• Task brief
All pictures are to be dropped, and everything else in the data duplicated exactly.

• Data extract
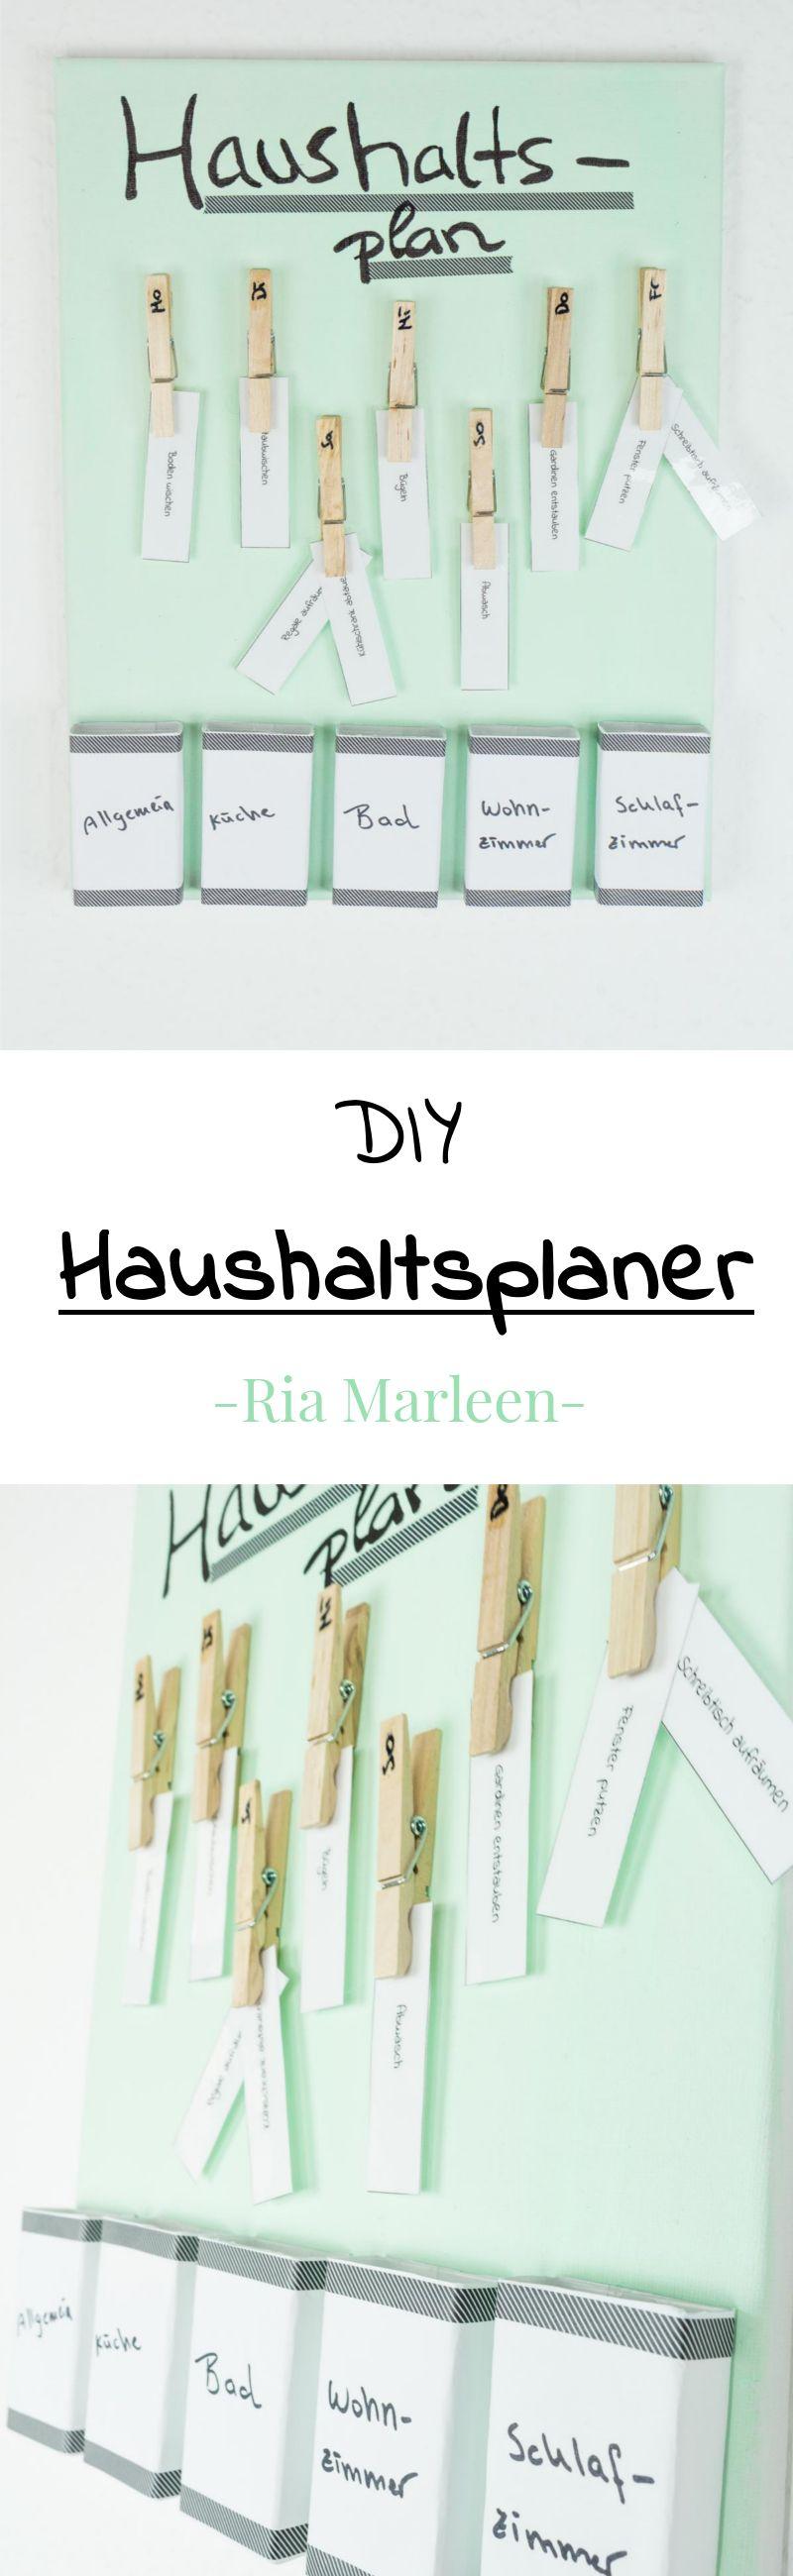 diy haushaltsplaner selber machen einfache haushaltsorganisation haushalt organisieren. Black Bedroom Furniture Sets. Home Design Ideas
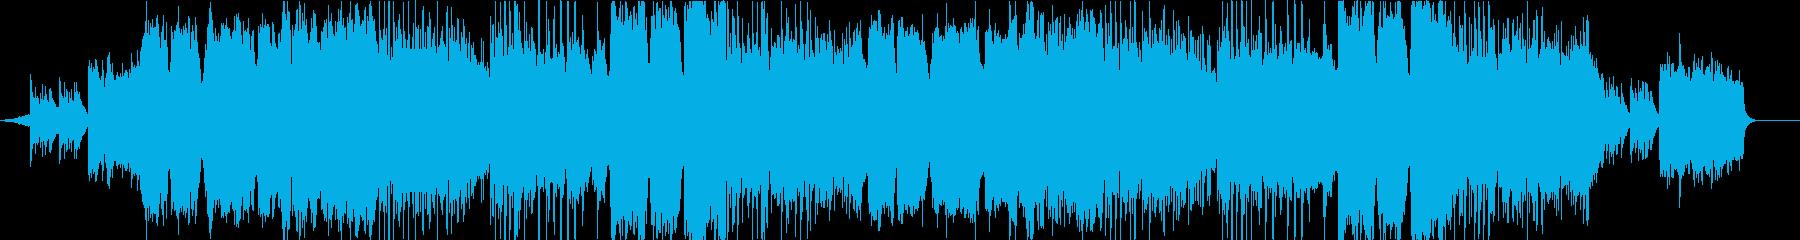 夕暮れの海を思わせるフルートの曲の再生済みの波形
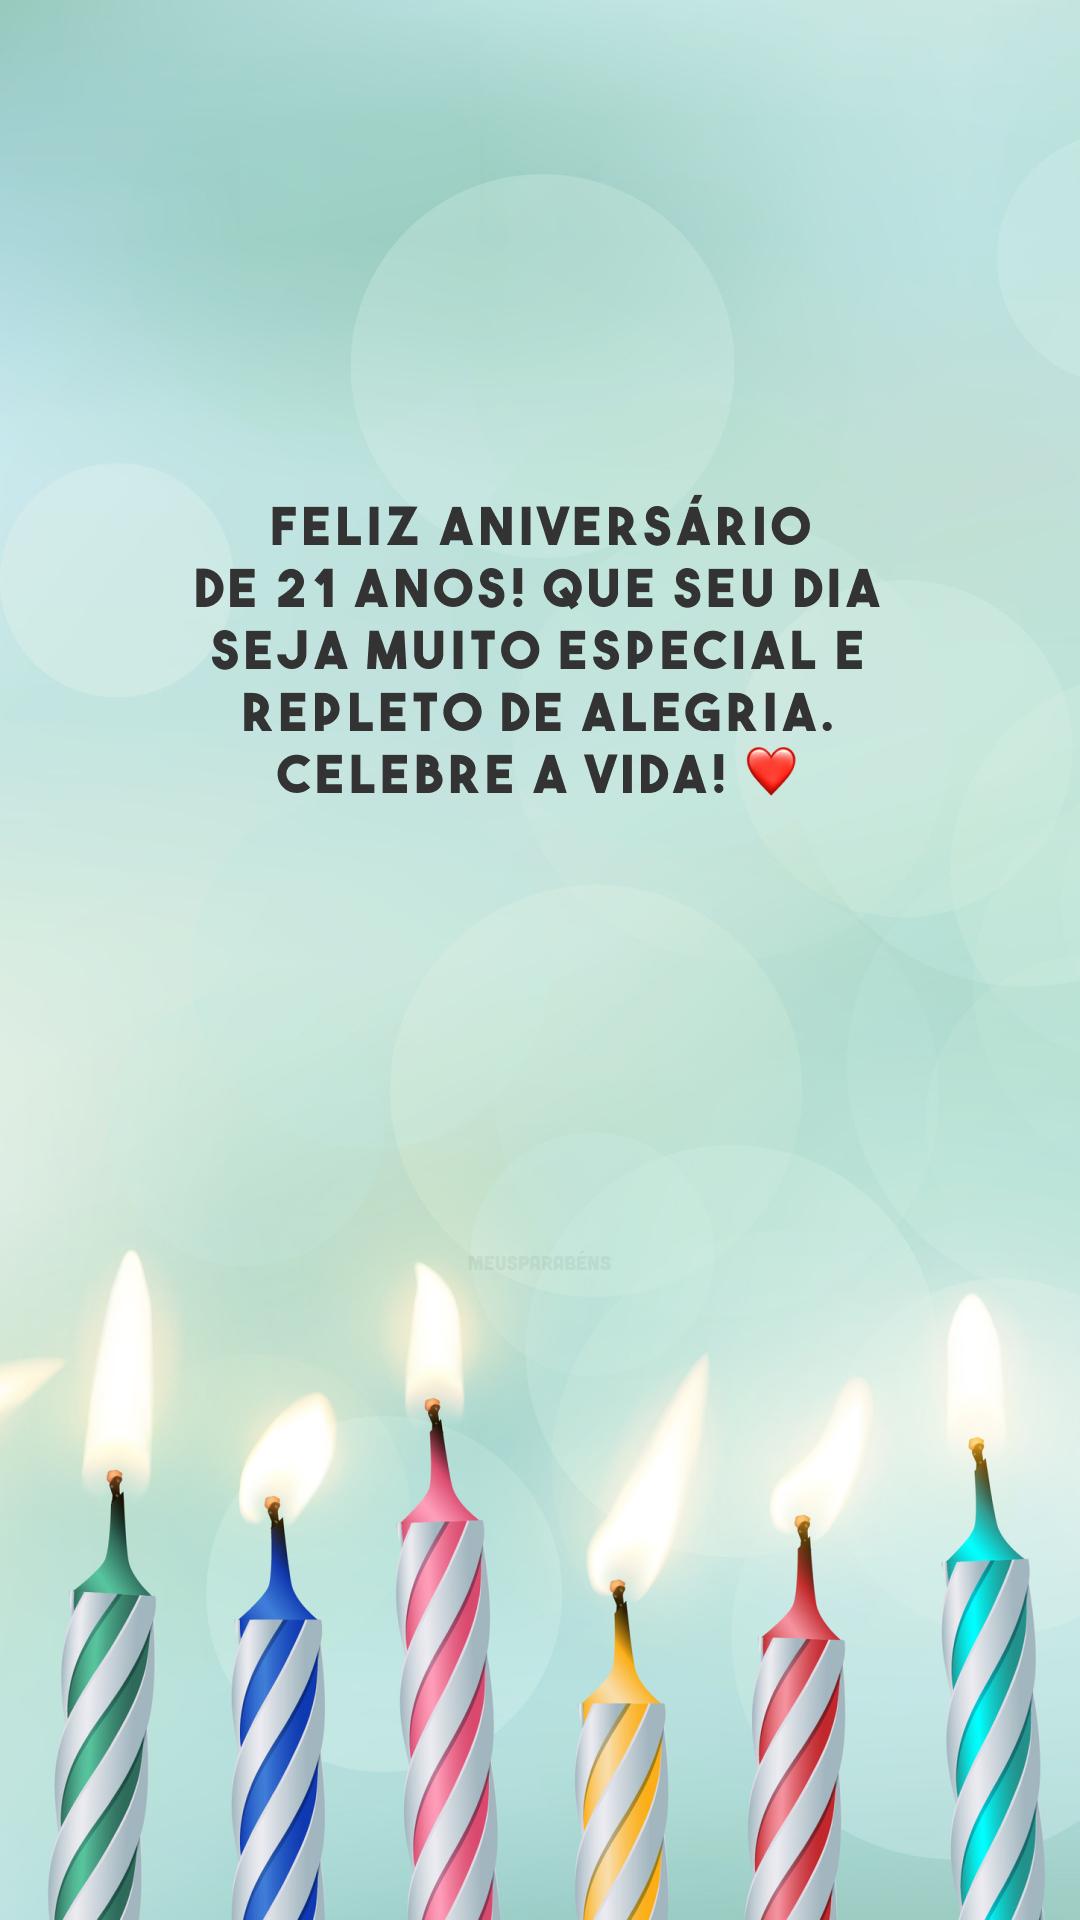 Feliz aniversário de 21 anos! Que seu dia seja muito especial e repleto de alegria. Celebre a vida! ❤️
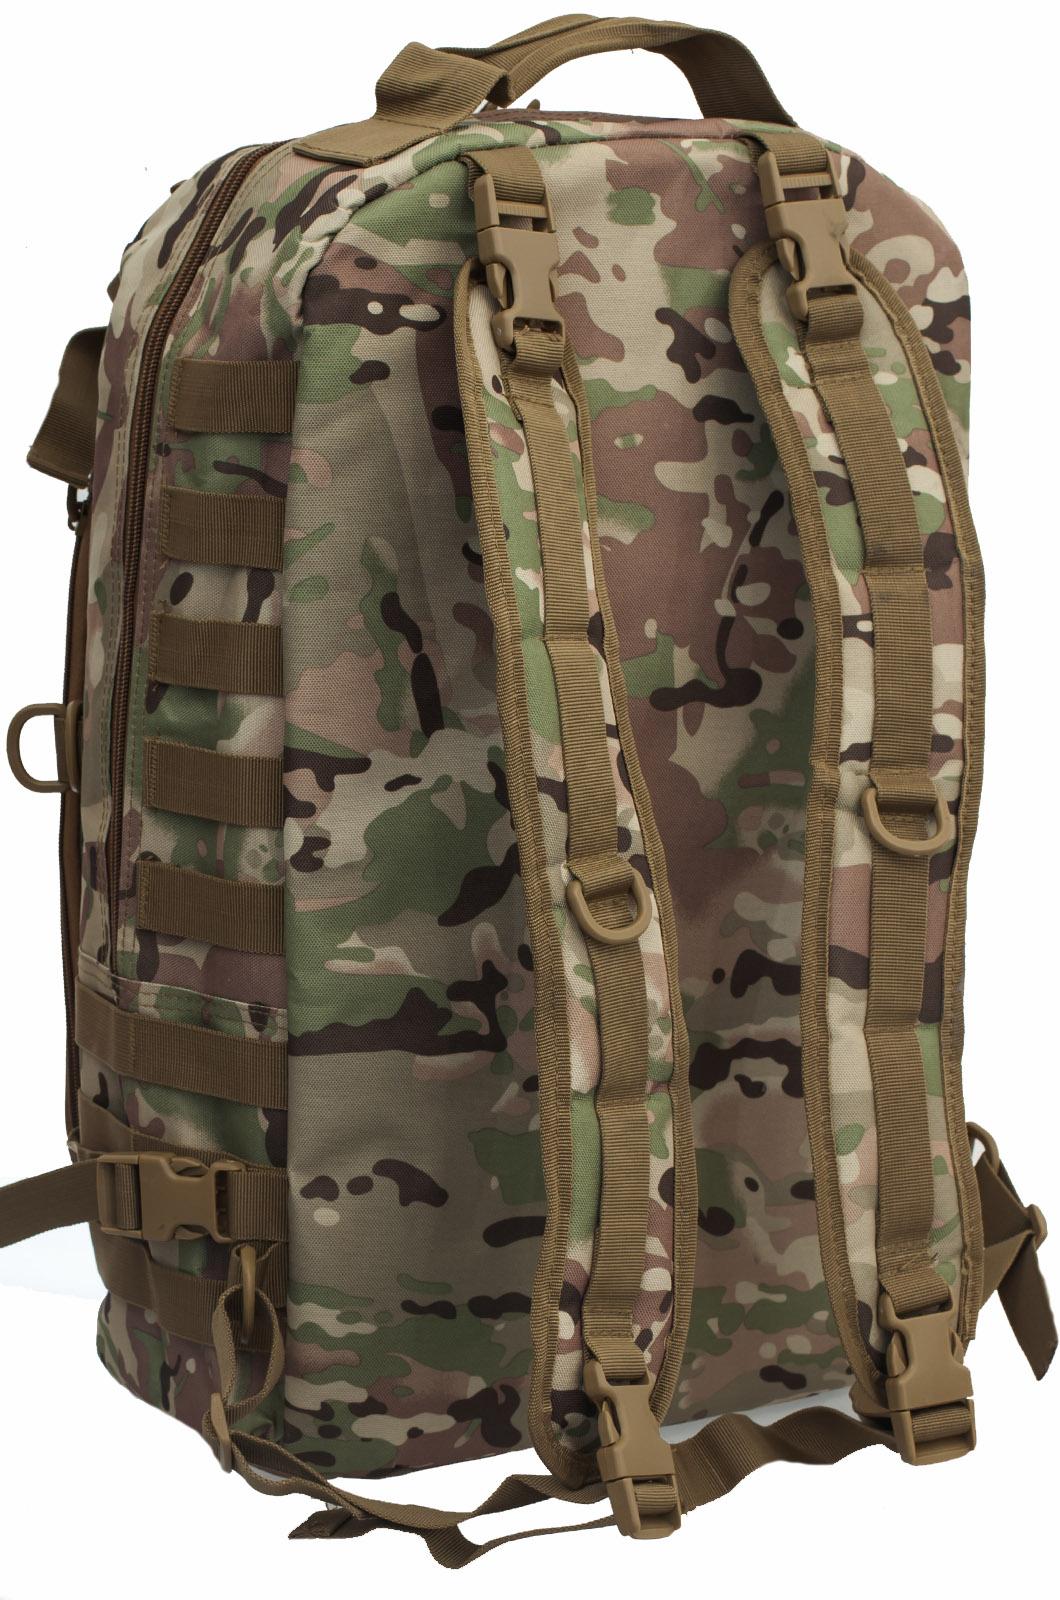 Рейдовый рюкзак камуфляж Multicam по выгодной цене

• Result of the exercise
 diy haushaltsplaner selber machen einfache haushaltsorganisation haushalt organisieren. Black Bedroom Furniture Sets. Home Design Ideas
 夕暮れの海を思わせるフルートの曲の再生済みの波形
 Feliz aniversário de 21 anos! Que seu dia seja muito especial e repleto de alegria. Celebre a vida! ❤️
 Рейдовый рюкзак камуфляж Multicam по выгодной цене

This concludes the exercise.